Stored data entries

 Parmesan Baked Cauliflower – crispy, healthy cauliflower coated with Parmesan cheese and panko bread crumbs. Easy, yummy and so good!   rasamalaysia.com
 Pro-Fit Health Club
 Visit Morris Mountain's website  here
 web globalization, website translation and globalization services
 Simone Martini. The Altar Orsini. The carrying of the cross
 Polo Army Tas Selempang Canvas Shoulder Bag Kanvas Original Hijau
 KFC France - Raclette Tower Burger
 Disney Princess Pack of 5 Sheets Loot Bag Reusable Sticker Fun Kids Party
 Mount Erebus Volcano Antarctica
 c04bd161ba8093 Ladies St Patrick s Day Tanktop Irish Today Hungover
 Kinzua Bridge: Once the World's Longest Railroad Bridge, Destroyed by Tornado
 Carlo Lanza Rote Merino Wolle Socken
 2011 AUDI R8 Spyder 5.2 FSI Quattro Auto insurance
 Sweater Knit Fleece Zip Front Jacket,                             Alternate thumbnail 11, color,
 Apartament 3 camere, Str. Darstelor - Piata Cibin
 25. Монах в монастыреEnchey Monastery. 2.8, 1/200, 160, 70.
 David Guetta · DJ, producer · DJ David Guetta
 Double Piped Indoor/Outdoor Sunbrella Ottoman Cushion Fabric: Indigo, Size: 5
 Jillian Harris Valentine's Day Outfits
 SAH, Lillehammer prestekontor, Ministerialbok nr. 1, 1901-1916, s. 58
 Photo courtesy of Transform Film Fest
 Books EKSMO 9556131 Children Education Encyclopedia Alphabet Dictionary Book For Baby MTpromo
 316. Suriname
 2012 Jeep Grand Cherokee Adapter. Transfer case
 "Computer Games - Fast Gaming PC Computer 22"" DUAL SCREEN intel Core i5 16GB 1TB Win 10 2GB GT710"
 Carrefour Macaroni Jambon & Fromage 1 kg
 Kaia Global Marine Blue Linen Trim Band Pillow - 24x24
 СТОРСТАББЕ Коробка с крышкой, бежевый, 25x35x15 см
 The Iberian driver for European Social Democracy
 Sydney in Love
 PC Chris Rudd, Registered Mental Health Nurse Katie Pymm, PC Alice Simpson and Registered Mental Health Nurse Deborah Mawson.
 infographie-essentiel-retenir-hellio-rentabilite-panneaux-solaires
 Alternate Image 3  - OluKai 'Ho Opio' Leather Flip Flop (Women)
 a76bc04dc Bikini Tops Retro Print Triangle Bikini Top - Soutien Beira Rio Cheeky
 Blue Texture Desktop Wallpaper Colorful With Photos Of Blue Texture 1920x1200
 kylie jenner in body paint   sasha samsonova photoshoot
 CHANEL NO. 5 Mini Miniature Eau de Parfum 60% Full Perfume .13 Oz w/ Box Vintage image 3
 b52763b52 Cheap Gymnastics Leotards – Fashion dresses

-- Problem statement --
Give back exactly the lines above starting at the line where "Sweater Knit Fleece" appears and ending at the line where "Photo courtesy of Transform Film Fest" appears, both included, with no other lines.

-- Written solution --
 Sweater Knit Fleece Zip Front Jacket,                             Alternate thumbnail 11, color,
 Apartament 3 camere, Str. Darstelor - Piata Cibin
 25. Монах в монастыреEnchey Monastery. 2.8, 1/200, 160, 70.
 David Guetta · DJ, producer · DJ David Guetta
 Double Piped Indoor/Outdoor Sunbrella Ottoman Cushion Fabric: Indigo, Size: 5
 Jillian Harris Valentine's Day Outfits
 SAH, Lillehammer prestekontor, Ministerialbok nr. 1, 1901-1916, s. 58
 Photo courtesy of Transform Film Fest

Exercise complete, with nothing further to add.